Leading up to the drill, fishermen and others have staged flotilla-style protests in the harbors of Kodiak, Cordova and Homer. The City of Cordova and Kodiak Borough Assembly have both passed resolutions against the exercise as it is currently planned, and several indigenous tribal councils have spoken out against the plans.

“The connection to the sea for us is extremely important,” said Melissa Borton, tribal administrator for the Native Village of Afognak. “Not just as a food resource — it’s who we are.”

She added: “Our greatest concern is the time of year [of Northern Edge], primarily. The salmon is just hitting Kodiak, and we have people fishing like crazy.”

“The fishermen don’t have anywhere else to go,” said Emily Stolarcyk of the Eyak Preservation Council in Cordova, a nonprofit dedicated to preserving indigenous Eyak culture in part through the preservation of salmon. “If these fisheries are damaged, they have nowhere else to go to make their living or to feed themselves. The Navy is literally all over the world. We’re not saying take it to somebody else’s backyard, we’re saying maybe we should talk about protecting these resources.”

The seafood industry provides nearly 80,000 jobs in Alaska. Opponents to Northern Edge have requested that the exercise be moved farther off shore and postponed until at least September.

“It’s just really irresponsible of the Navy to have practice during the summer during salmon migration,” Kodiak fisherman Dave Kubiak told KMXT, Kodiak’s public radio station, last month. “That’s my biggest gripe.”

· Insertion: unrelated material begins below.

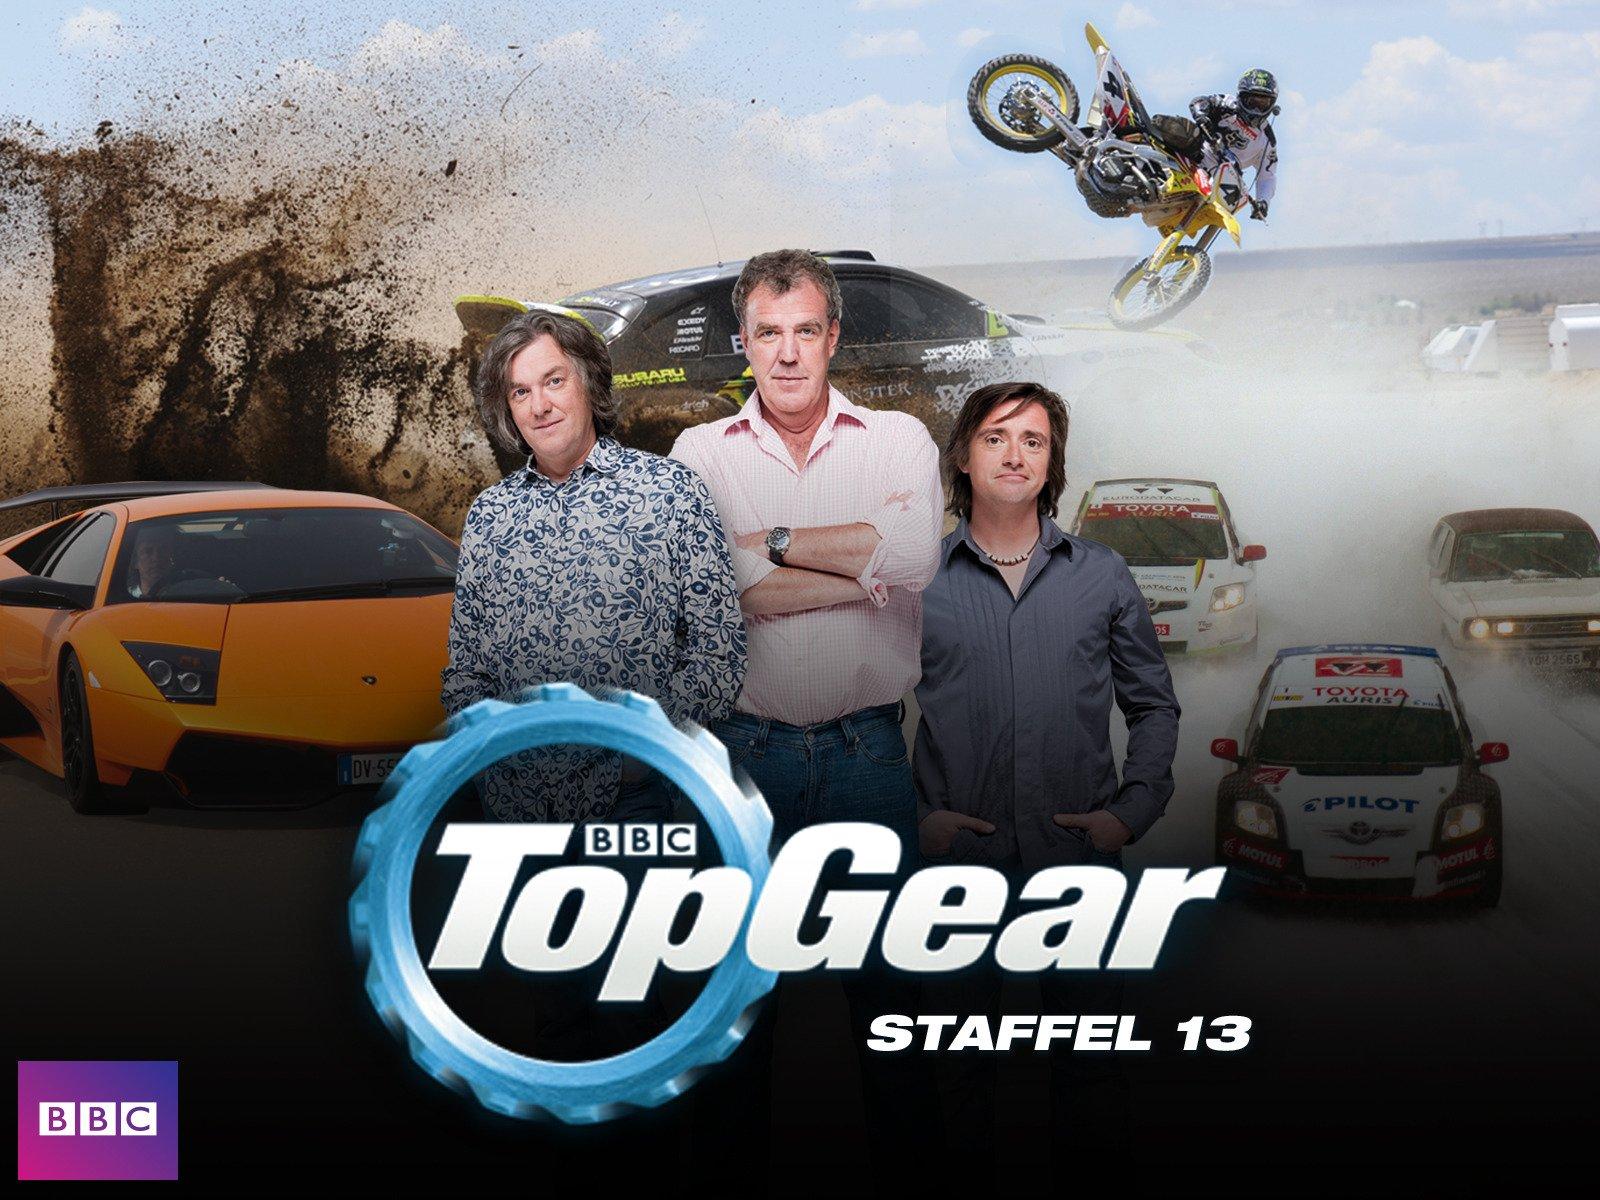 Top Gear Episodenliste

Earlier this year, a federal judge stopped the Navy’s training near Hawaii and Southern California. She ruled that the exercises would have a greater impact on the environment than had been described in the Navy’s permit applications, and that the National Marine Fisheries Service had violated environmental laws by approving those permits.

As in the Gulf of Alaska, the Navy has been training near Hawaii and California for decades.

With the current Northern Edge permits set to expire after this year’s exercise, the Navy is already in the process of securing permission to continue the drill for the next five years. With little hope that this year’s drill will be called off, Stolarcyk said many opposed to Northern Edge are in it for the long haul.                                      

“Regardless, we are going to go forward,” Stolarcyk said. “This is not going away anytime soon.”